Gli Usa sono sempre stati visti come il paradiso del liberismo economico d delle inflessibili leggi di mercato.
Eppure ora tutto viene stravolto: Youtube accetta di pagare 24 milioni di dollari (dopo Meta con 25 milioni e X con 10) per chiudere la causa intentata da Trump perché avevano sospeso il suo canale dopo gli incidenti del Congresso.
Lo fanno per evitare di essere bloccati da qualche azione antitrust.
Si tratta cioè di un autentico pizzo di puro stile mafioso: se non mi paghi ti faccio chiudere e di un dimostrazione di come Trump consideri l’esercizio del potere. Né più né meno della democrazia illiberale di Orban o Erdogan : mi devi pagare non perché sei stato riconosciuto colpevole da un tribunale, ma perché ho il potere in mano.
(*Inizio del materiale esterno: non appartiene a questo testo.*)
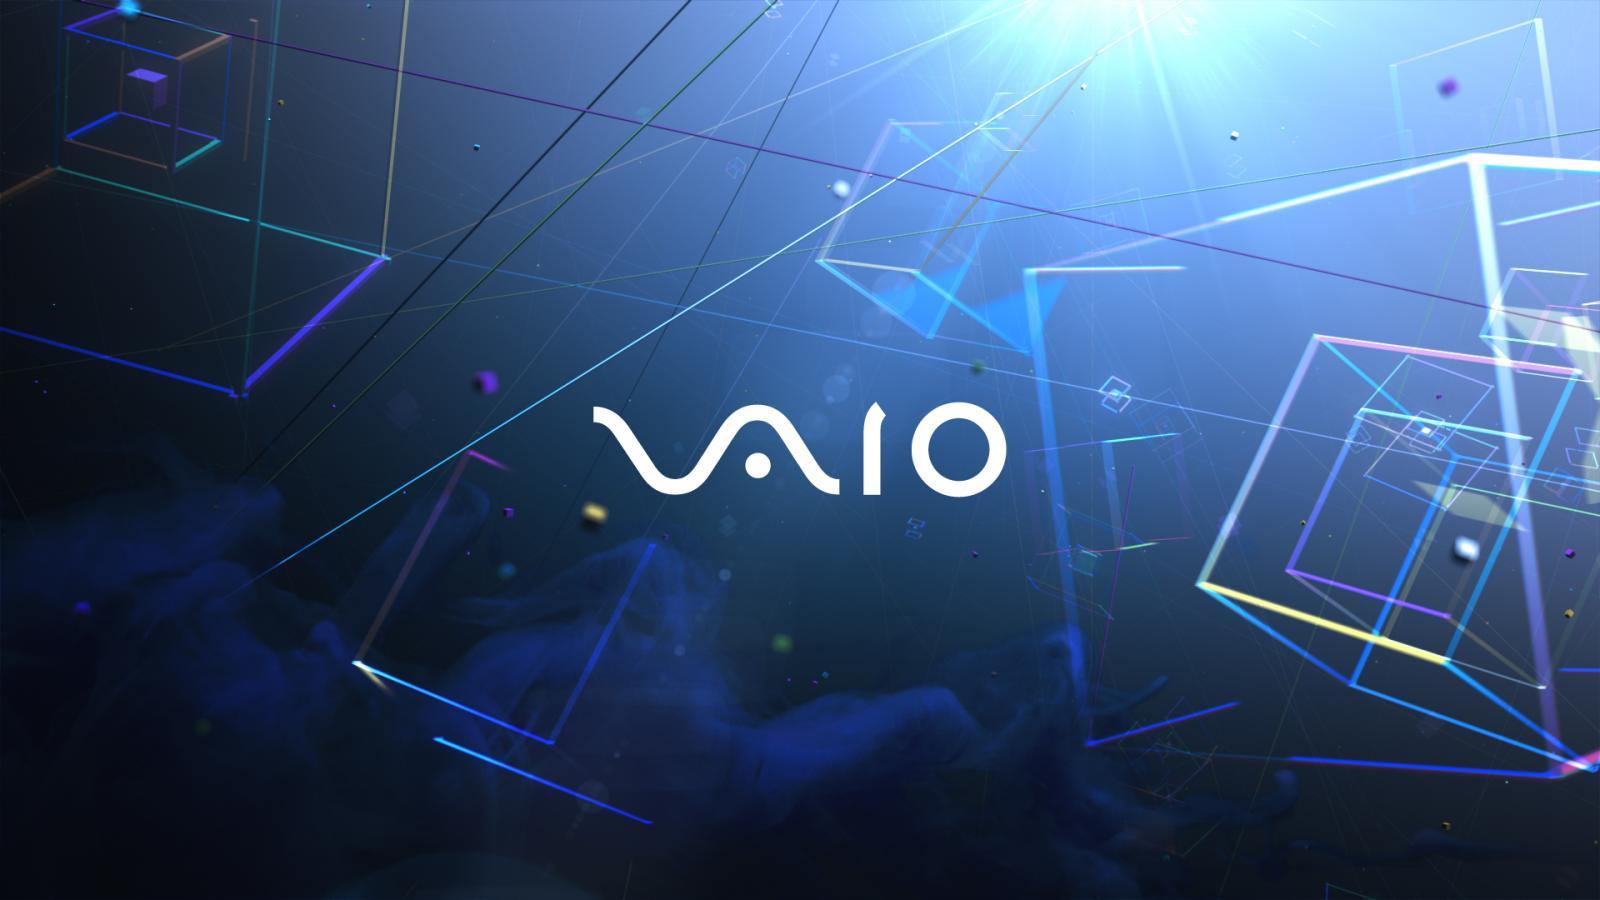 Vaio Wallpaper 1280x800: VAIO Wallpaper 1920x1080

Da notare che quelle cancellazioni furono fatte in seguito ad atti palesemente illegali quale l’assalto al Congresso (con morti e feriti) di cui Trump ora si vanta e chiede i danni.
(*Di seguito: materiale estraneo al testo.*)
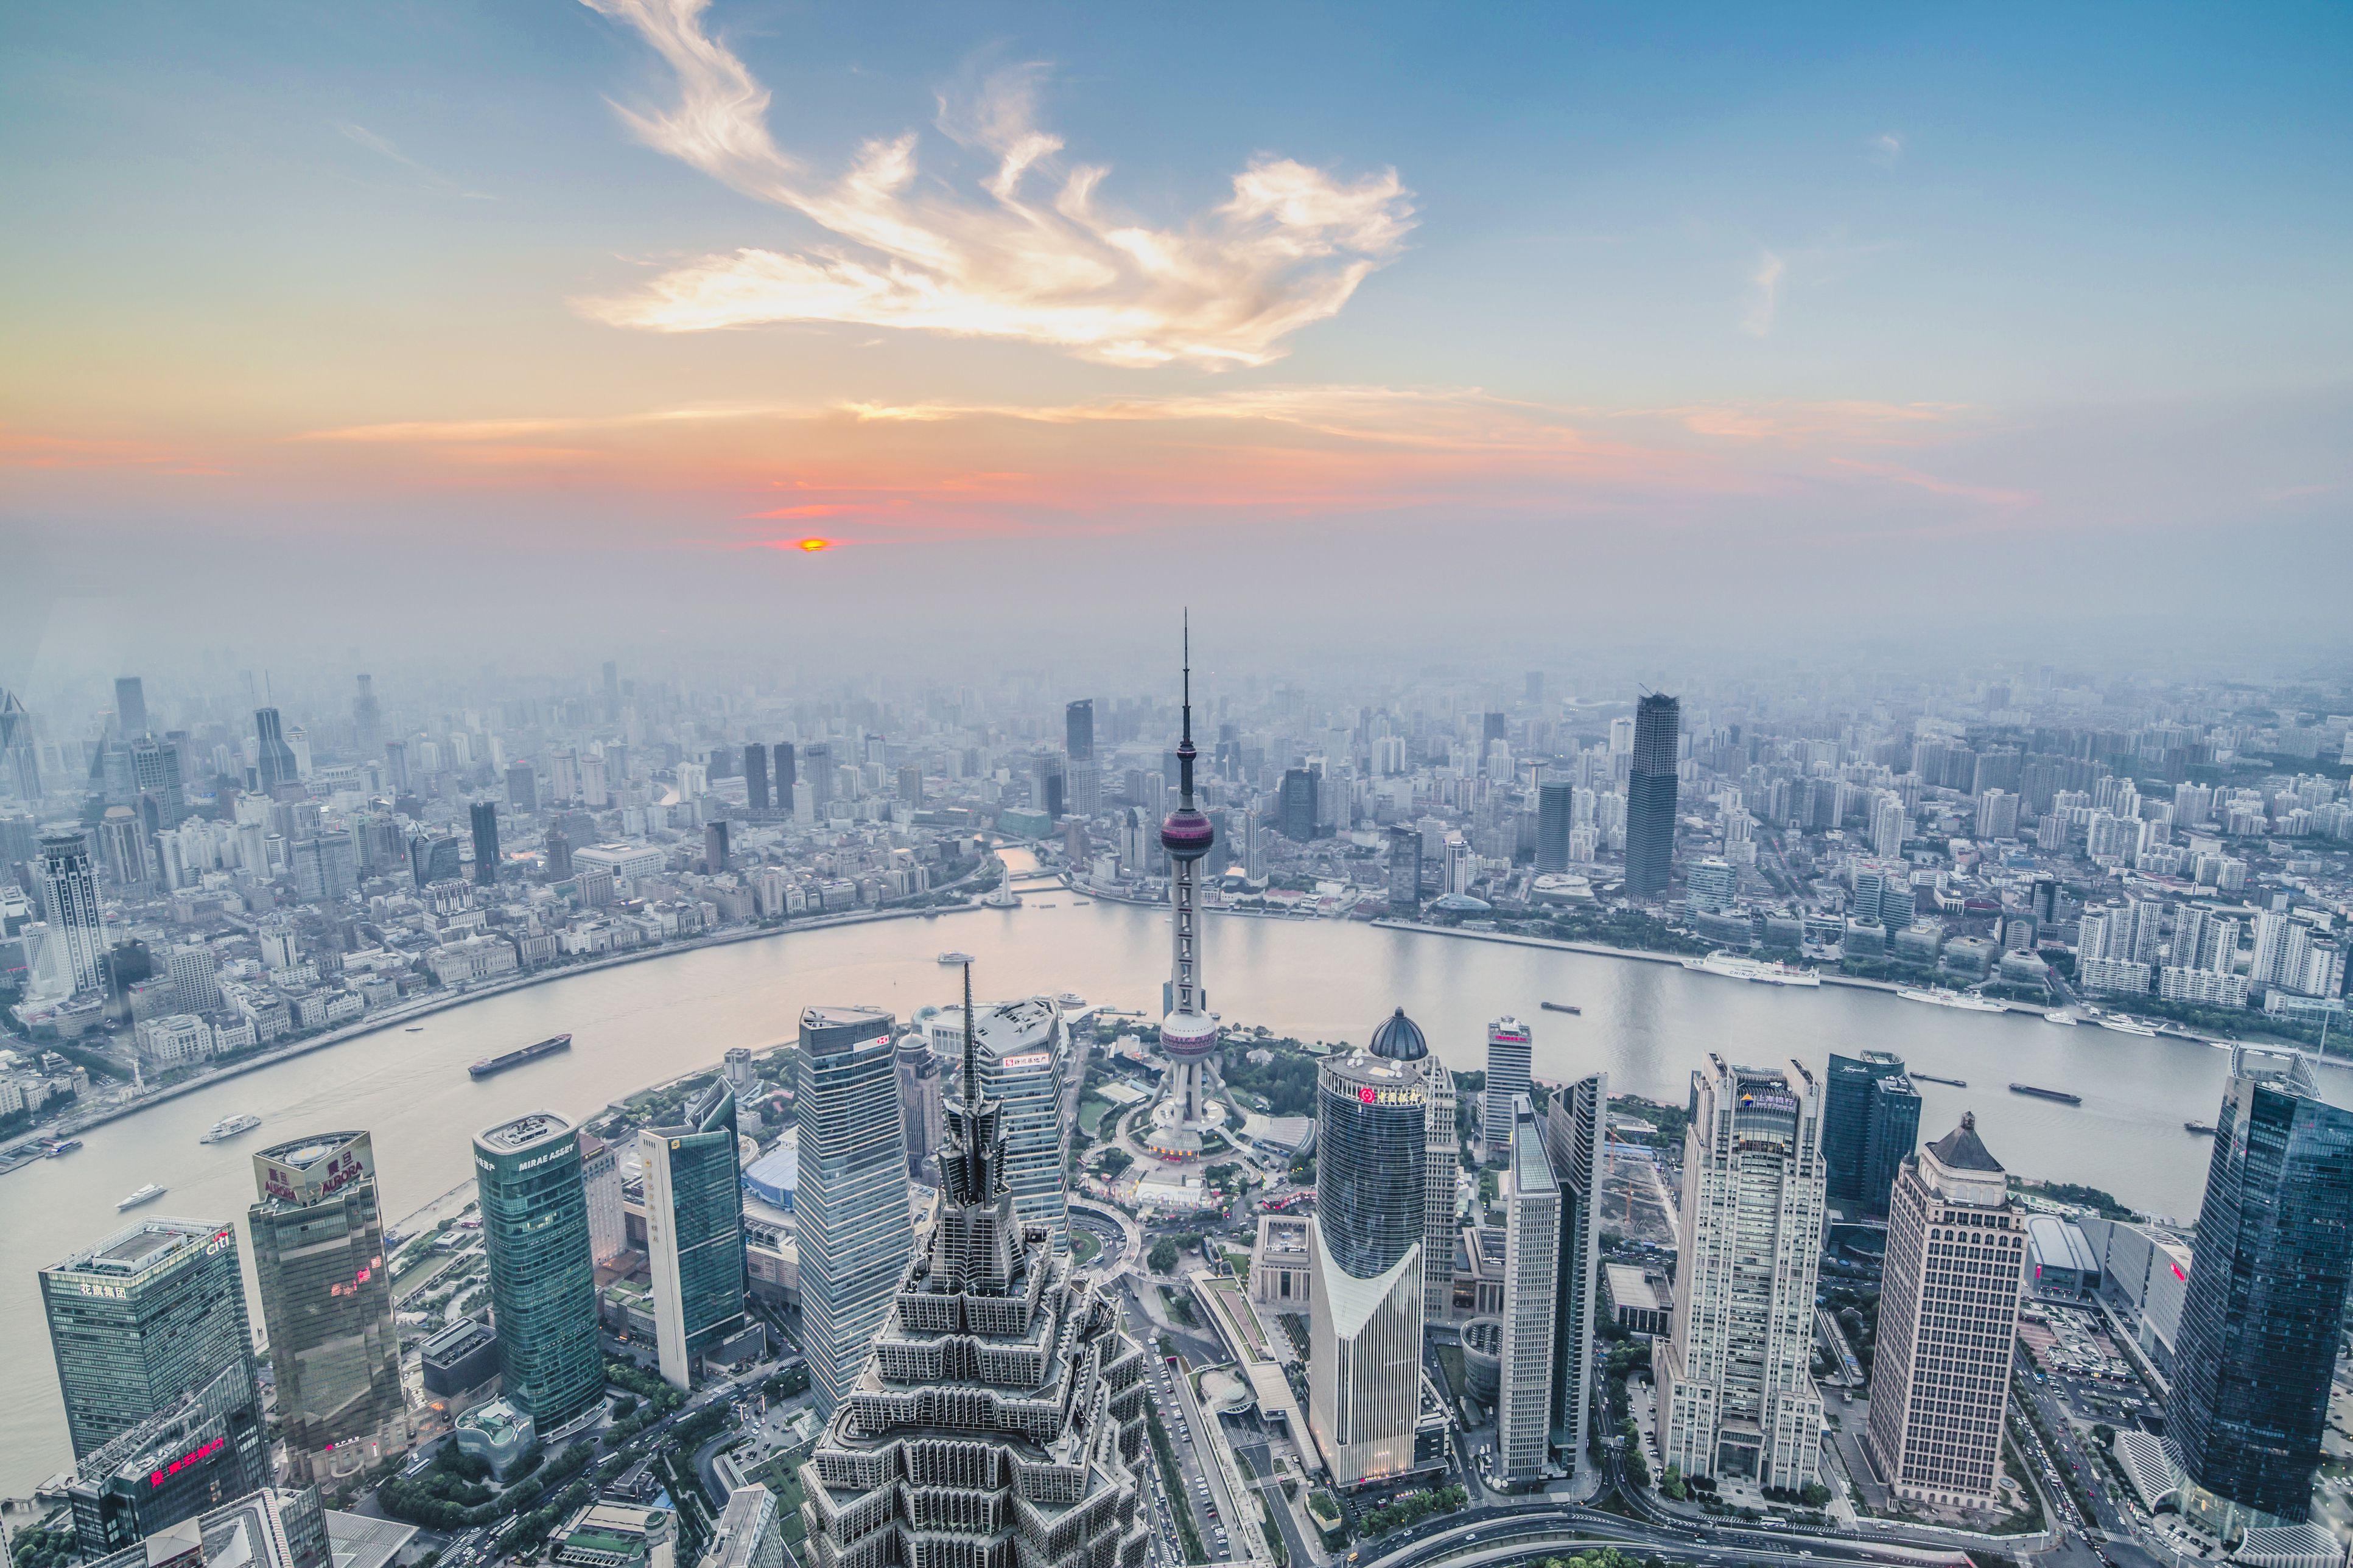 Aerial view, Shanghai, China

Stesso comportamento nei riguardi di Nvidia e AMD (ditte produttrici di chip): se vogliono continuare a esportare in Cina devono adeguarsi a pagare una tassa del 15%. Tassa che viene definita “tassa sulle esportazioni” o, in Italia, “pizzo”.
Una prova in più di come quello che era il paradiso del mercato libero rischi di diventare un’economia dirigista e di come i nuovi supermiliardari americani abbiano come unico punto di riferimento la ricchezza da ottenere e mantenere a qualsiasi costo, anche rinunciando alla propria dignità.